The rating process consists of categorizing a post into an evaluation category. There are seven types of classification categories for evaluation: (i) type of message to be investigated; (ii) intention of the user; (iii) polarity of Sentiment; (iv) intensity os sentiment; (v) quality in use criterion; (vi) functionality; and (vii) platform.

  1. (i)

    Type of message: this type of classification refers to investigating what type of message the user is sending over the system in use, which can be: (a) critical: containing complaint, error, problem or negative comment regarding to the system; (b) praise or positive comment about the system; (c) help (giving of) to carry out an activity in the system; (d) doubt or question about the system or its functionalities; (e) comparison with another system; and (f) suggestion about a change in the system;

  2. (ii)

    Intention of the user: the intention classification aims to classify the PRUs according to the user’s intention with the system. In [17], a classification of PRUs was made in the categories: visceral, behavioral and reflexive. The definitions that emerged from the PRU were as follows:

    1. (a)

      Visceral PRU: has greater intensity of user’s sentiment, usually to criticize or praise the system. It is mainly related to attraction and first impressions. It does not contain details of use or system features. These are two examples: “I’m grateful to SIGAA which has errors all the time: (” and “This System does not work!!! < bad language > !!”;

    2. (b)

      Behavioral PRU: has lower intensity of user’s sentiment and is also characterized by objective sentences, which contain details of use, actions performed, functionalities, etc. Two examples are the following: “I would like to know how you can add disciplines to SIGAA”; and “It’s so cool to be able to enter here”;

    3. (c)

      Reflective PRU: is characterized by being subjective, presenting affection or a situation of reflection on the system. One example: “The system looks much better now than it did last semester, when it was installed”.

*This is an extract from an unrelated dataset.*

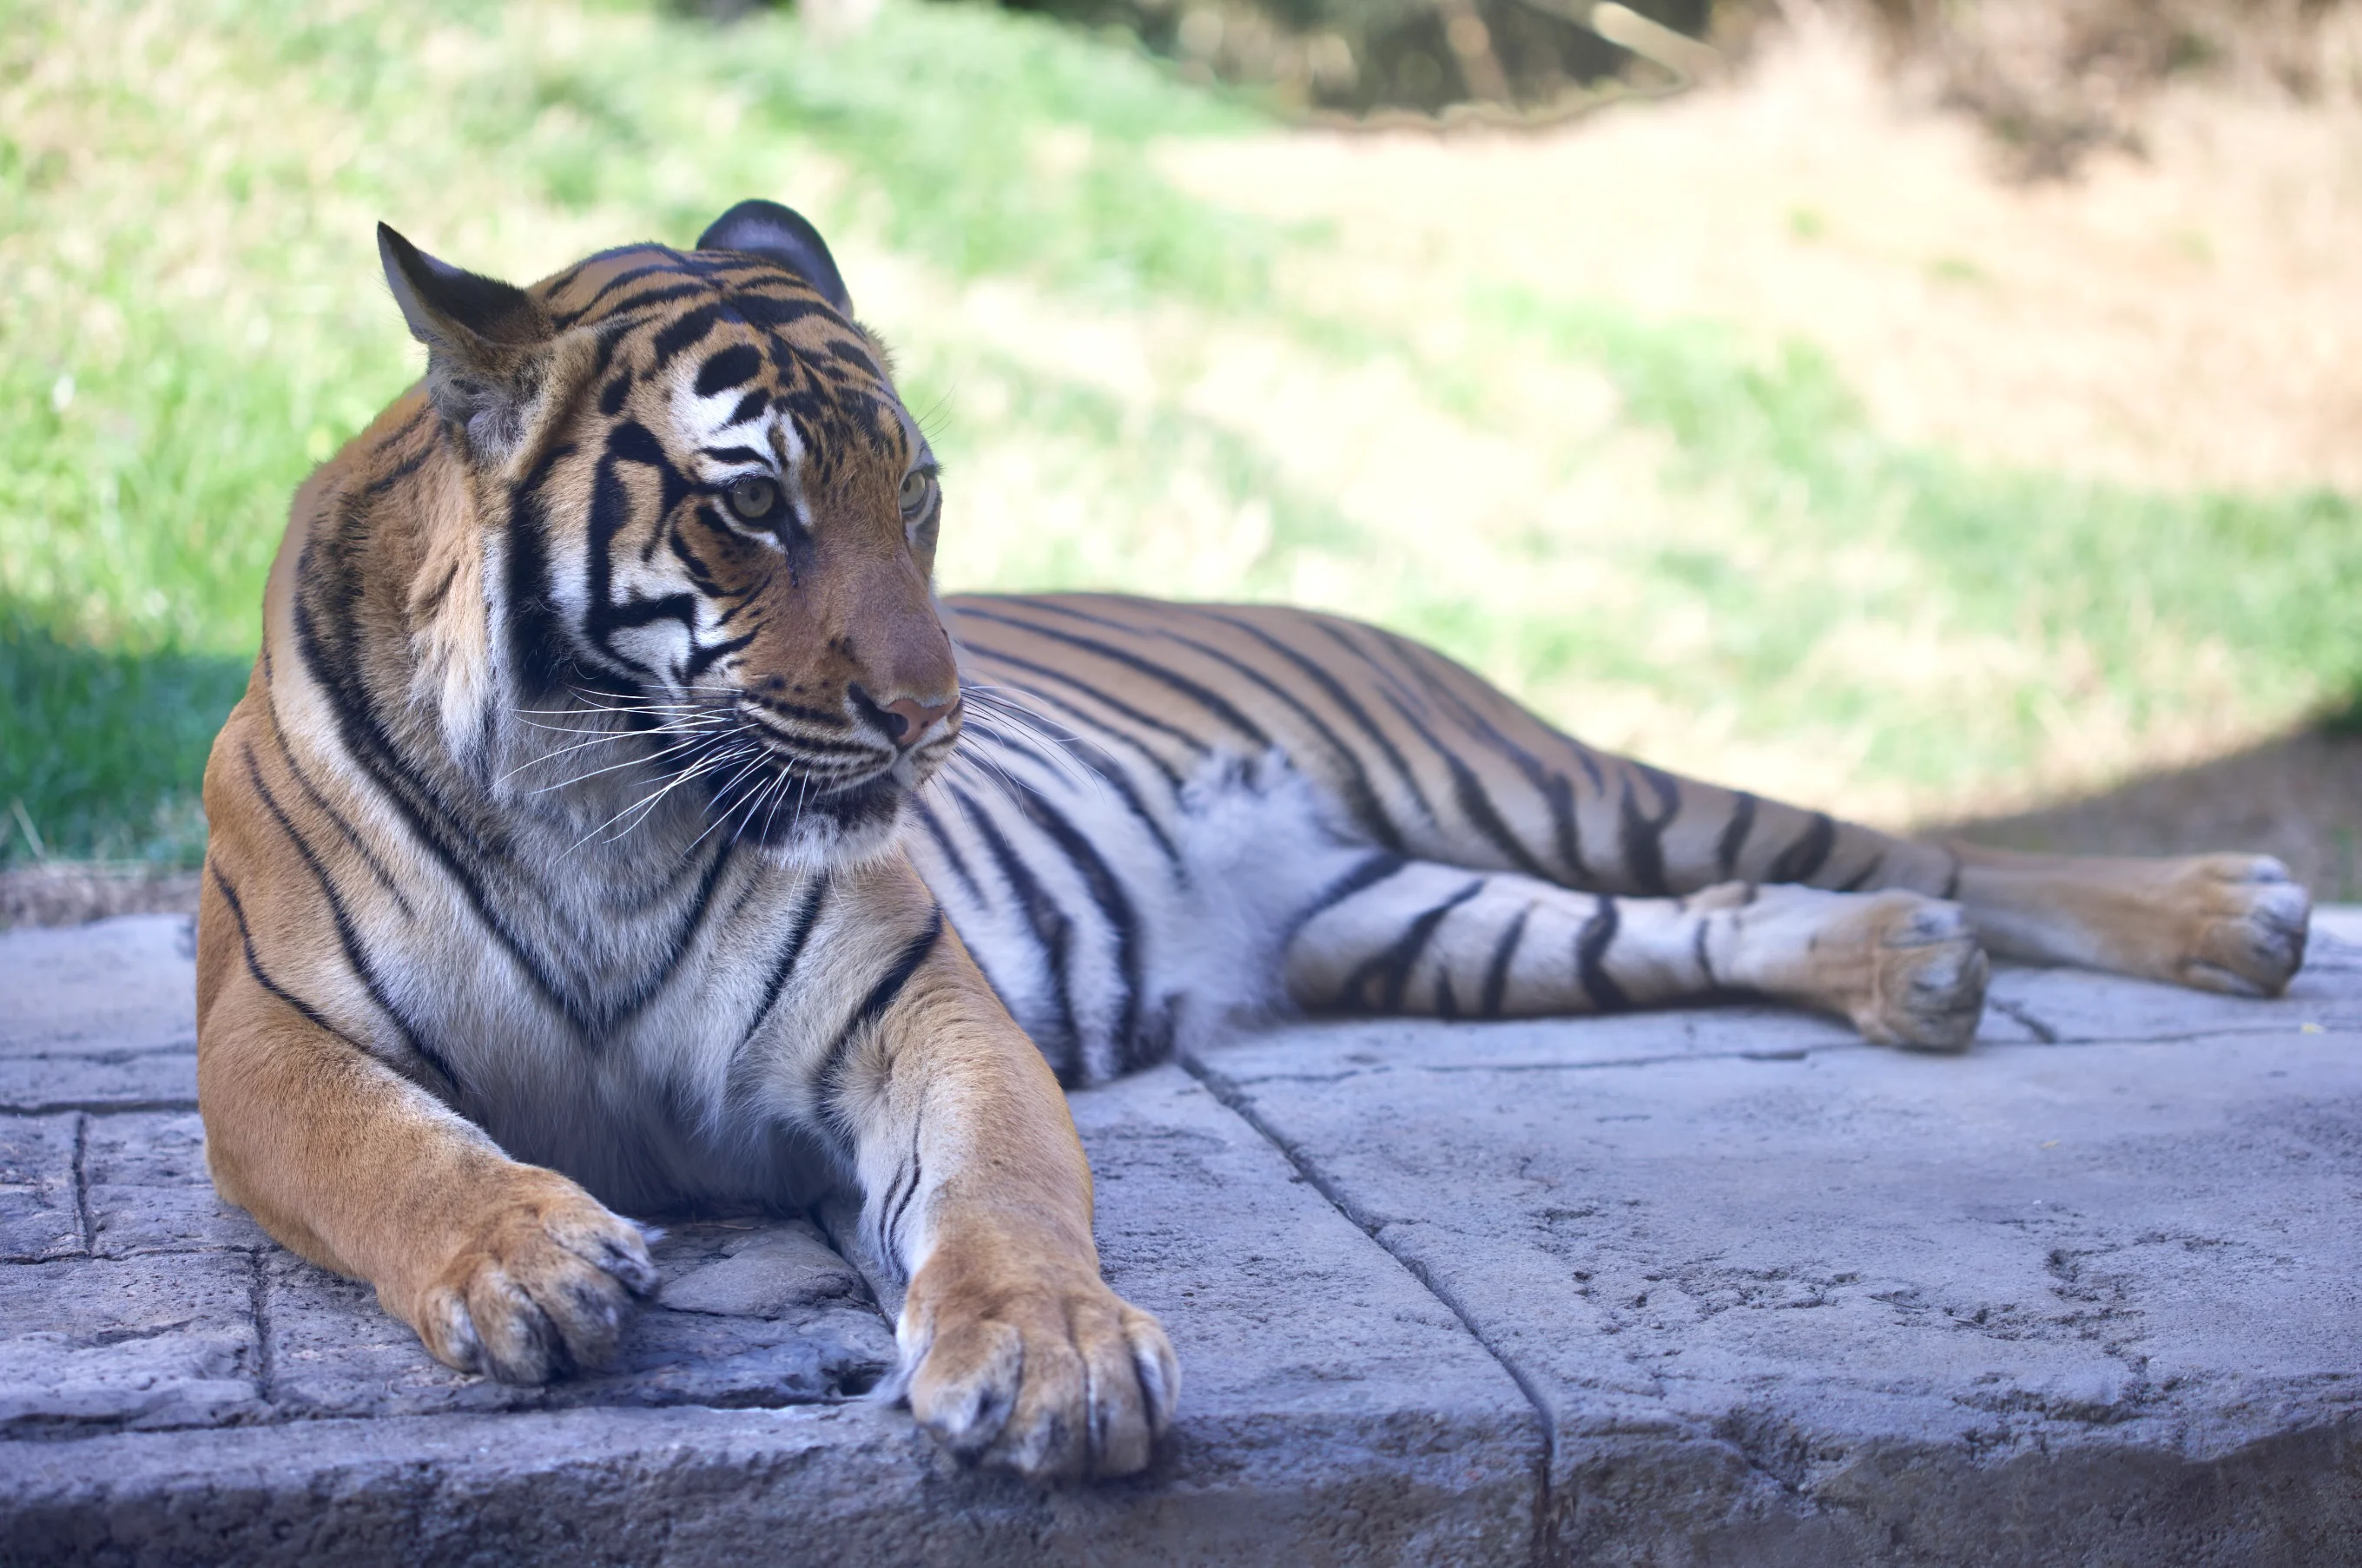 The Royal Bengal Tiger streaming: where to watch online?

    Information of Sentiment: in this category, two forms of classification are presented to analyze the sentiment in the PRUs: (iii) polarity: a PRU can demonstrate positive sentiment, neutral sentiment and negative sentiment; and (iv) intensity: allows us to classify how much of sentiment (positive or negative) is expressed in a PRU. In the examples: “I like this system…” and “I really love using this system”. The positive sentiment observed is more intense in the second PRU. This type of classification is only performed automatically [12].

  3. (v)

    Quality in use criterion: this category involves determining the criterion of quality in use. The Maltu uses the following criteria: (a) usability and/or (b) UX. This category involves relating a facet of each criterion to a PRU. Maltu uses the following facets for Usability: efficacy [7], efficiency [7], satisfaction [7], security [22], usefulness [22], memorability [22] and learning [22]. For UX, the facets used are: satisfaction [7], affection [1], confidence [1], aesthetics [1], frustration [1], motivation [2], support [8], impact [8], anticipation [8] and enchantment [8];

  4. (vi)

    Functionality: there are PRUs that detail the use of the system, making it possible to classify the functionality of the system and is referred to by the user or the cause of the problem to which the user refers. In the exemplo: “I can not exclude disciplines. Can someone help me?”, the functionality is “exclude disciplines”; and

  5. (vii)

    Platform: this category consists of identifying the operating system and device that the user was using at the time of the relative posting. There are systems, like Twitter and Facebook, for example, where the PRUs extracted from the system can come from different devices. On SIGAA, as access is by browser, it can also be accessed from different devices.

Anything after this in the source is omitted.